Information provided ▸
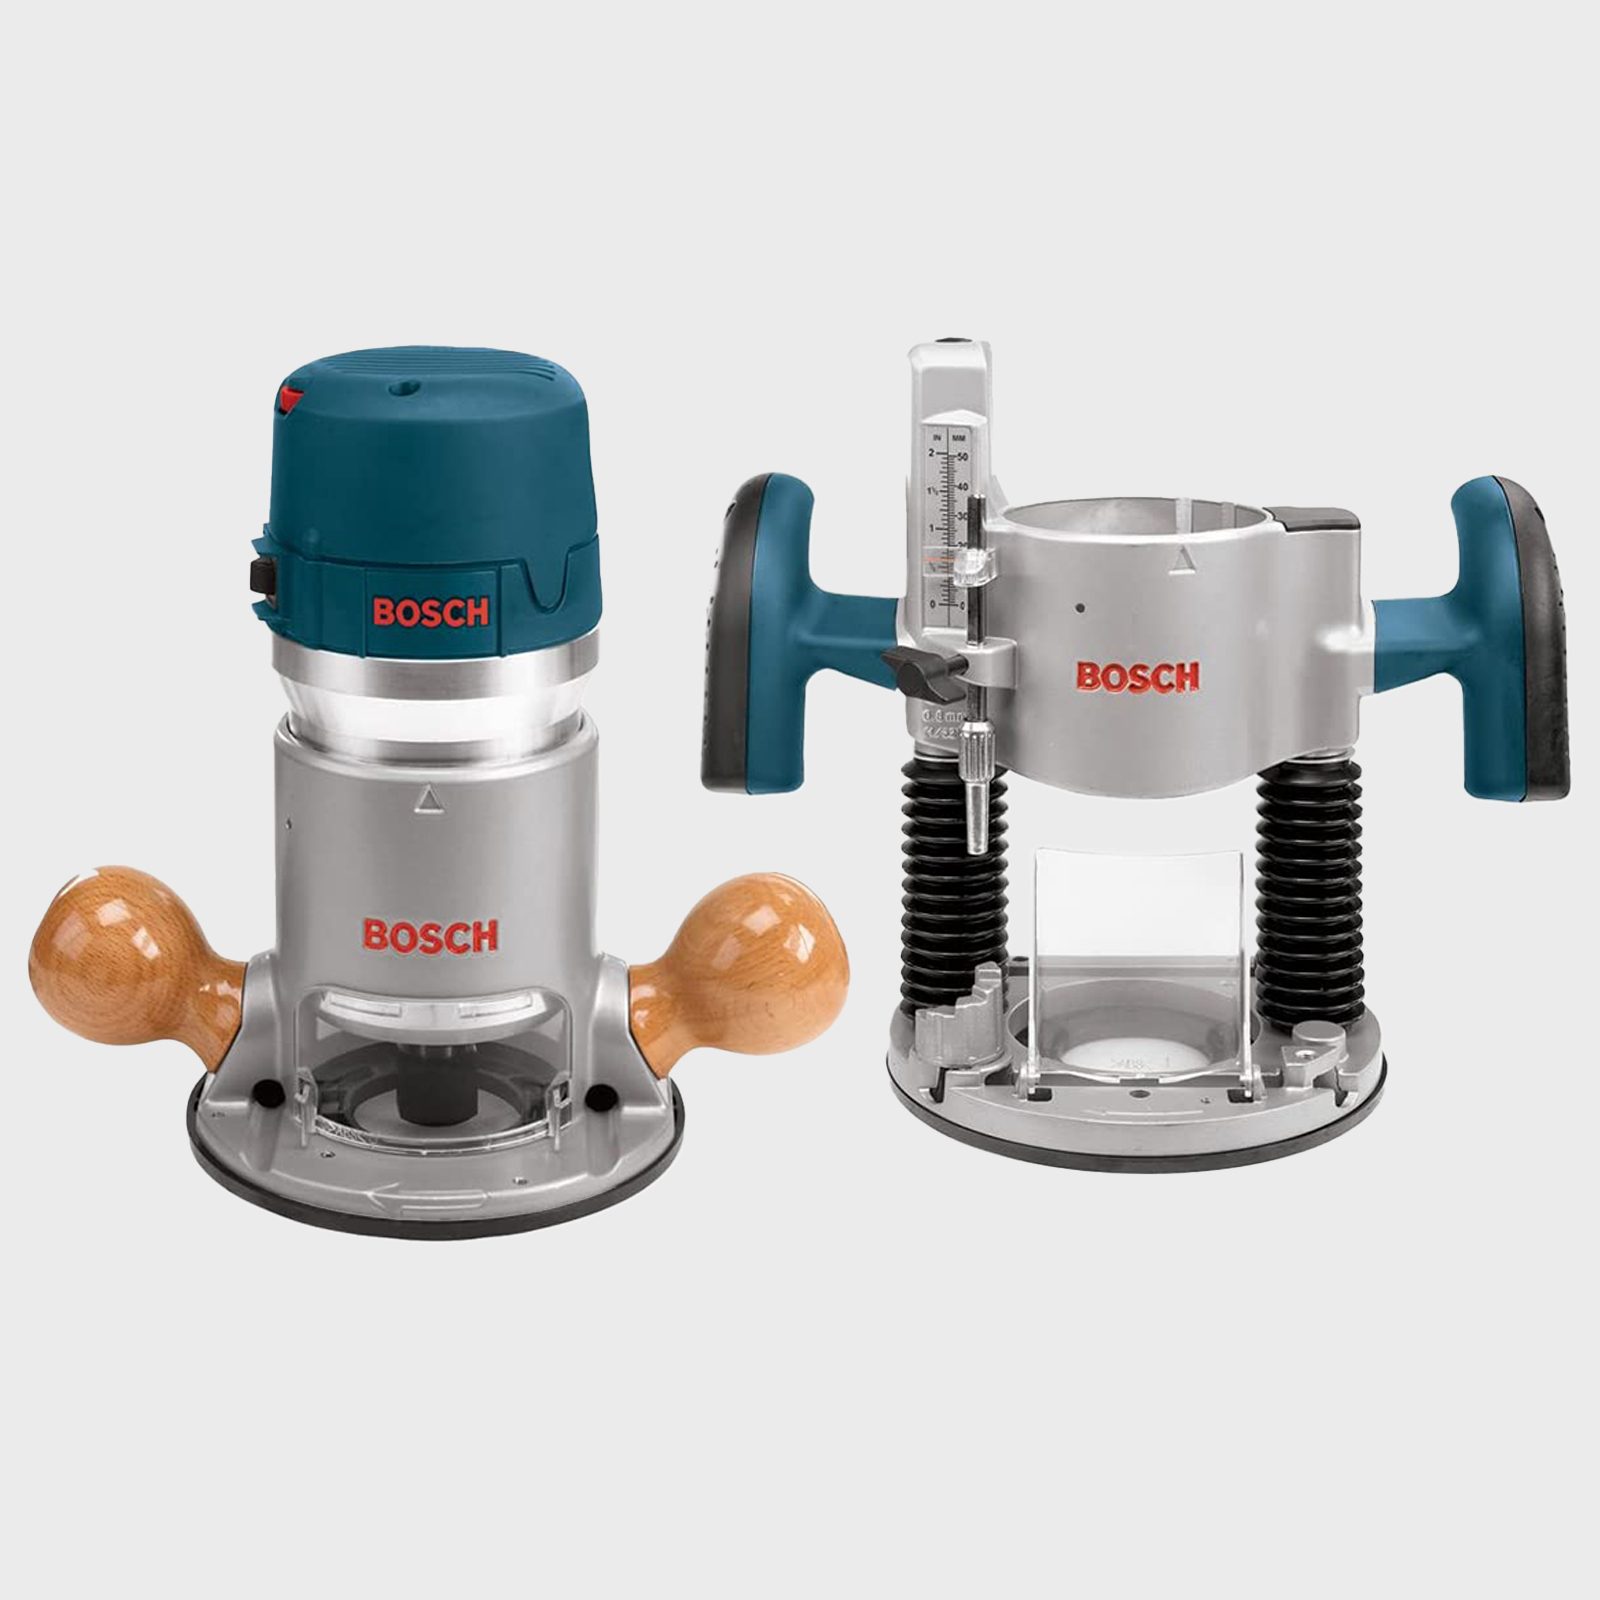 Bosch Plunge Router And Fixed Base Kit Via Amazon 2
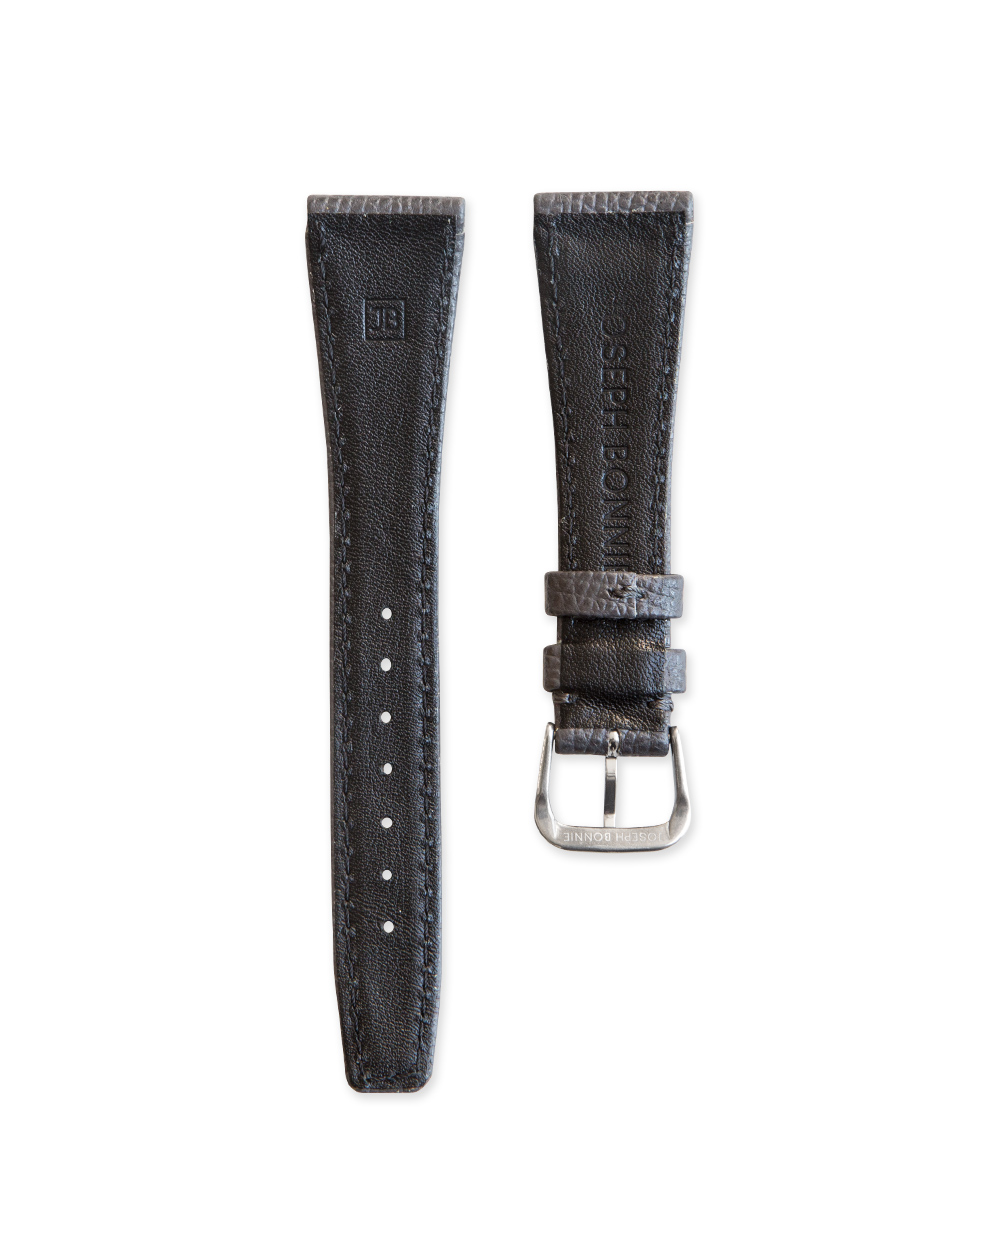 SERICA Watch Straps 1953 Charcoal
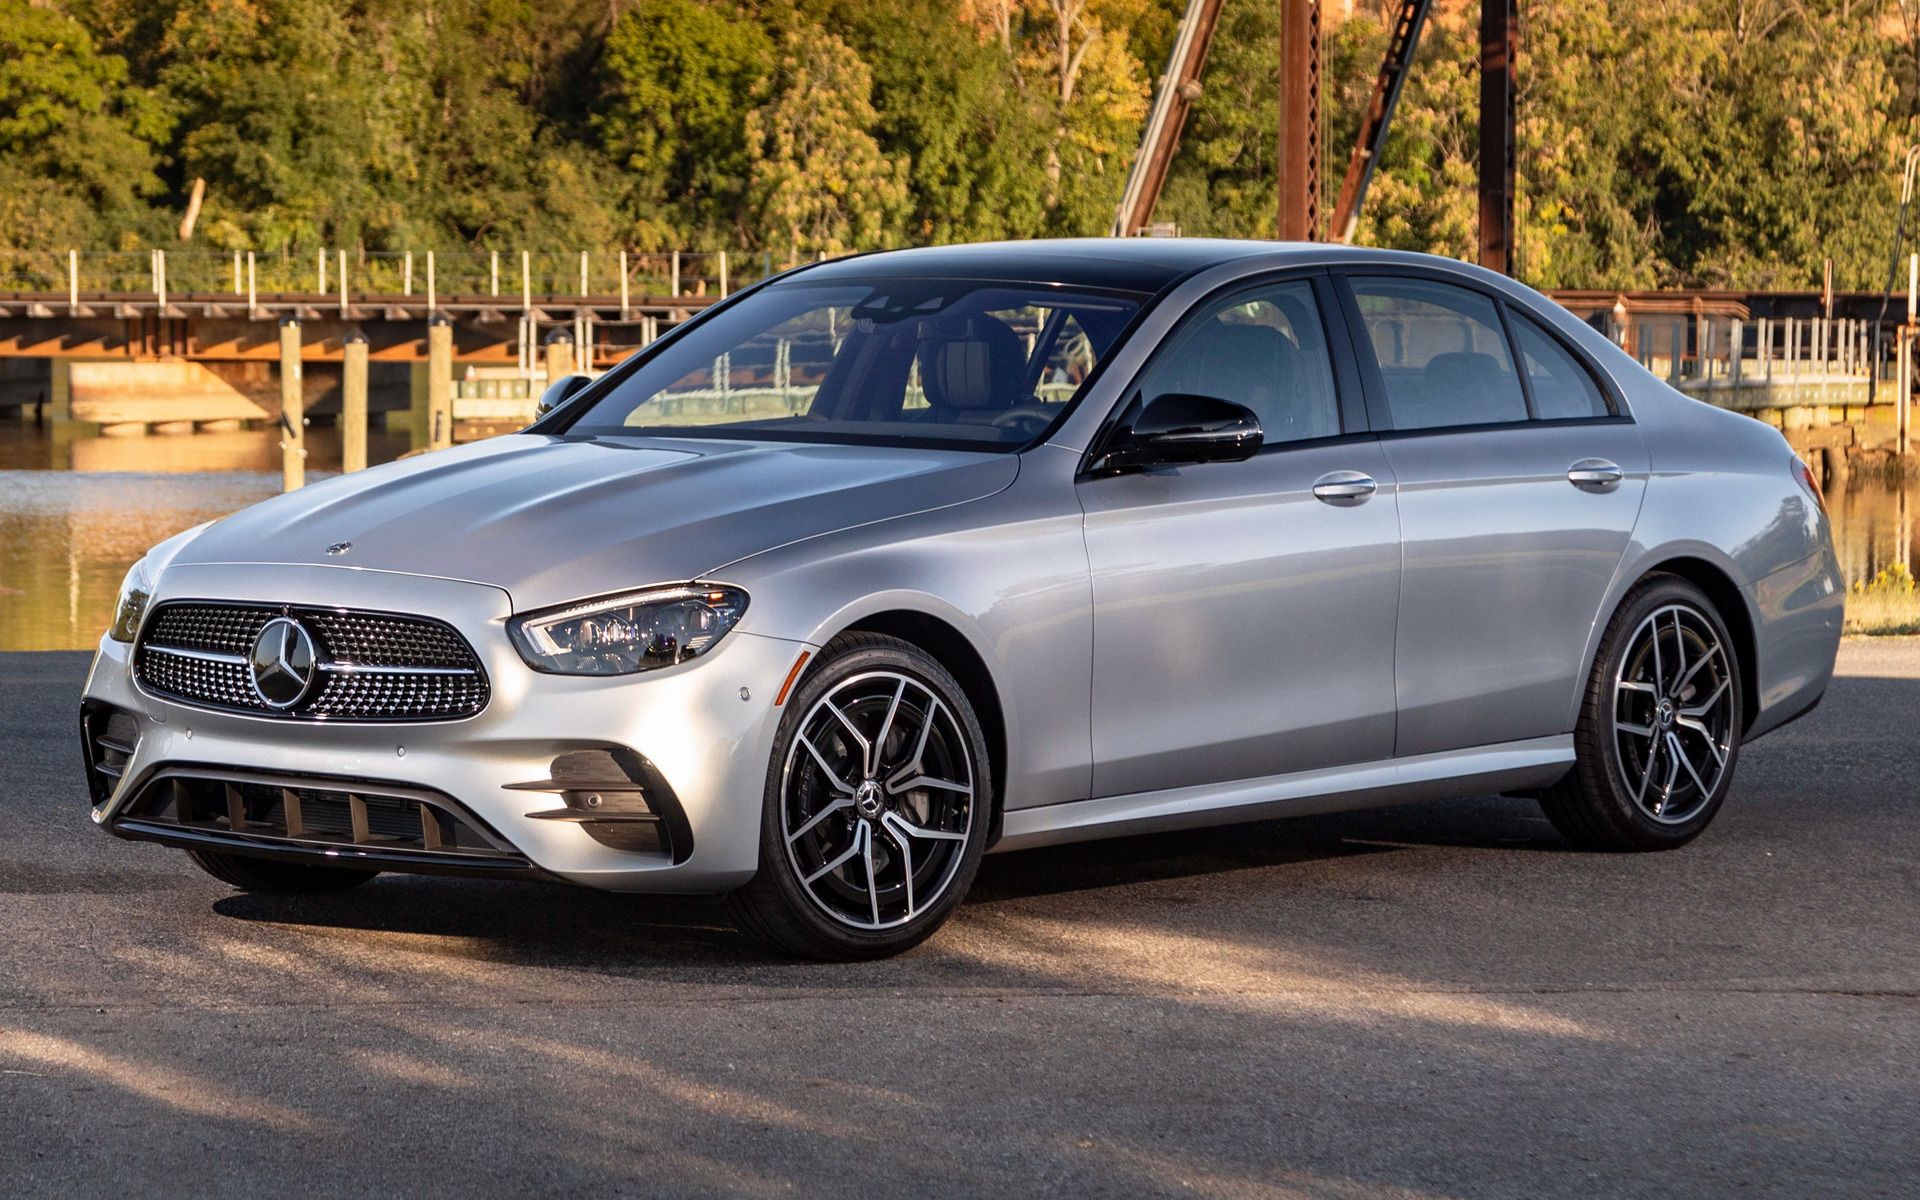 Mercedes Benz E Class AMG Styling (US) And HD Image
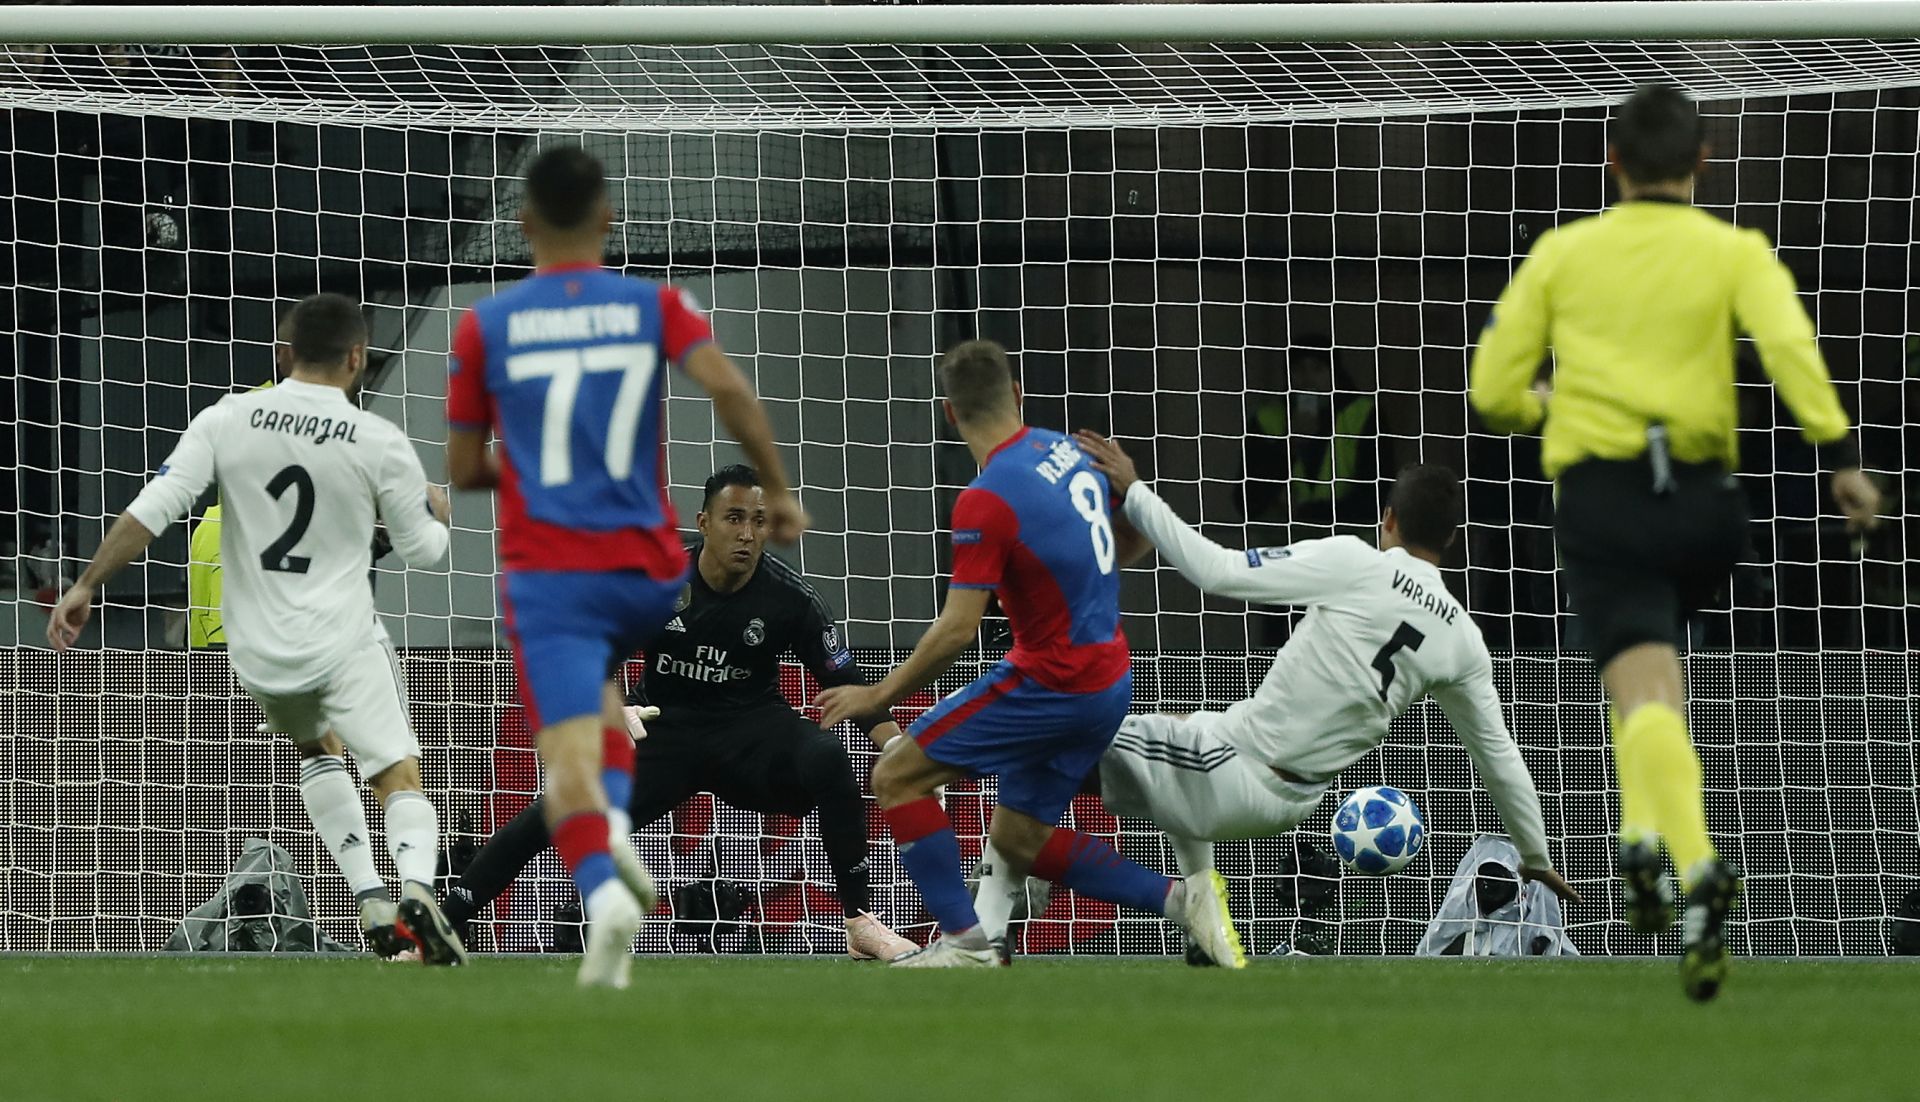 epa07064726 Nikola Vlasic (C) of PFC CSKA scores against Real Madrid during the UEFA Champions League group G soccer match between PFC CSKA Moskva and Real Madrid CF at the Luzhniki stadium in Moscow, Russia, 02 October 2018.  EPA/SERGEI ILNITSKY

Problem requirements ▸
Print the data above exactly, from its first line to the line bearing "Mercedes Benz E" inclusive, and keep pictures out of the result.

Task response ▸
 Bosch Plunge Router And Fixed Base Kit Via Amazon 2
 SERICA Watch Straps 1953 Charcoal
 Mercedes Benz E Class AMG Styling (US) And HD Image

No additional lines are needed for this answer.